Propofol regulates activated macrophages metabolism through inhibition of ROS-mediated GLUT1 expression

Wei Zeng  1 Zeting Xing  1 Meiyun Tan  1 Yanwen Wu  1 Chunyuan Zhang  2
Affiliations

Propofol regulates activated macrophages metabolism through inhibition of ROS-mediated GLUT1 expression

Wei Zeng et al. Inflamm Res. 2021 Apr.

Abstract

Objective: Activated macrophages undergo a metabolic shift from oxidative phosphorylation (OXPHOS) to aerobic glycolysis, which plays a critical role in inflammation. Increasing evidence suggests the important role of propofol in the regulation of inflammatory response and metabolism, but the effect of propofol on the metabolic shift in macrophage, and the mechanisms involved remain unclear.

Methods: The effect of propofol on the metabolic switch was analyzed by extracellular acidification rate and oxygen consumption rate assays. The effect of propofol on glycolysis was analyzed by lactate and glucose uptake assay. The mRNA, protein, cell surface levels of glucose transporter 1 (GLUT1) and the silencing of GLUT1 were employed to understand the effects of GLUT1-mediated metabolism by propofol. Finally, to understand the antioxidation of propofol on the regulation of metabolism, the reactive oxygen species (ROS) production and NADPH activity were performed.
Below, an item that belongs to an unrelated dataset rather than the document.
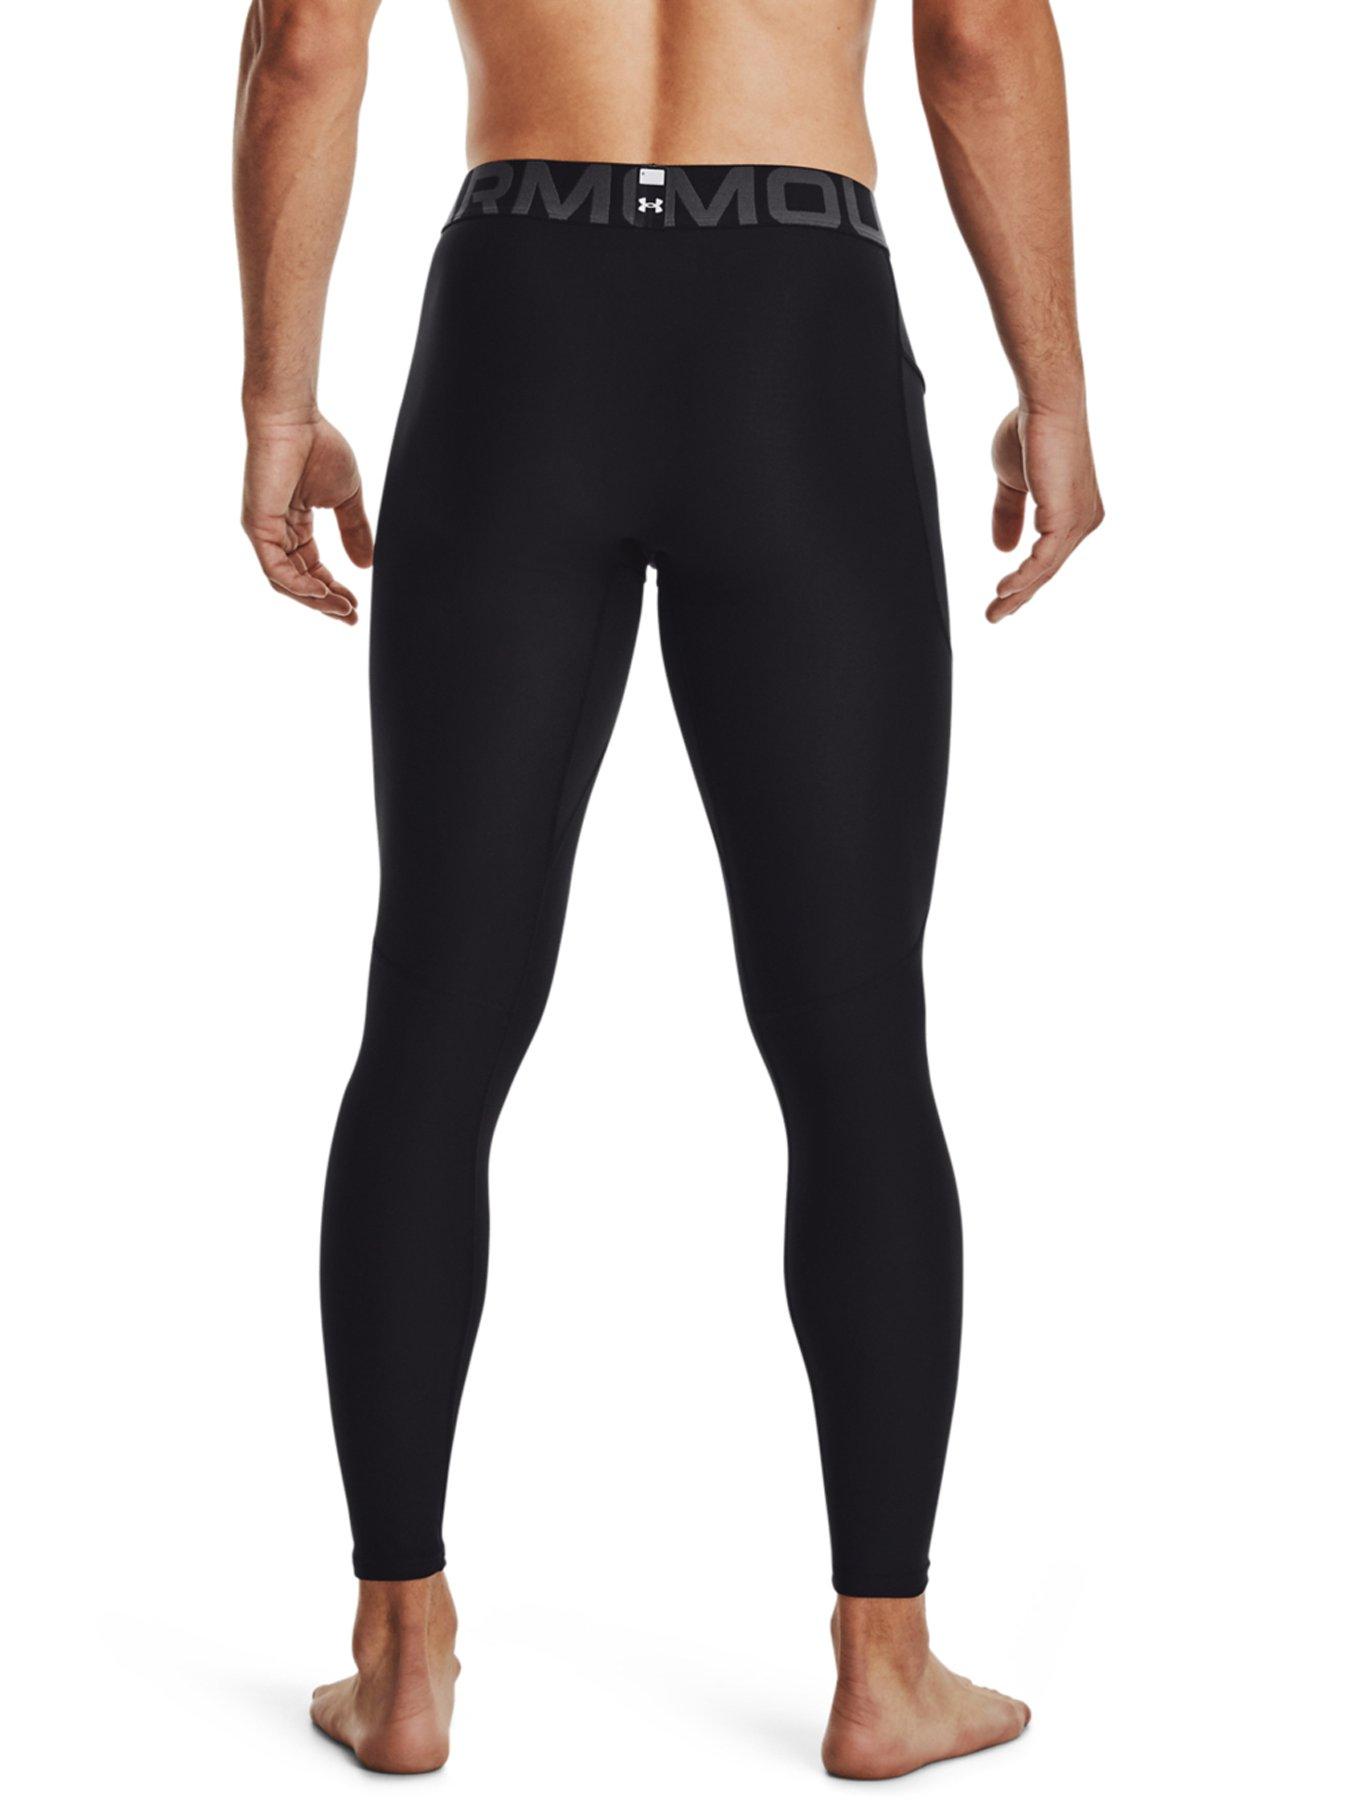 UNDER ARMOUR Heat Gear Armour Tights - Black/White

Results: We show that propofol can change the metabolic pathway switch from aerobic glycolysis to OXPHOS in LPS-activated macrophages. Moreover, propofol suppresses aerobic glycolysis via inhibited GLUT1-mediated glucose uptake. Furthermore, we show that propofol reduces ROS overproduction, which in turn inhibits GLUT1 expression. Finally, we find that propofol reduces ROS production via inhibits NADPH activity.

Conclusion: These findings shed light on the function and mechanism of propofol in the metabolic switch and highlight the importance of targeting metabolism by propofol in the clinical medication of inflammatory diseases.

Keywords: GLUT1; Metabolism; Propofol; ROS.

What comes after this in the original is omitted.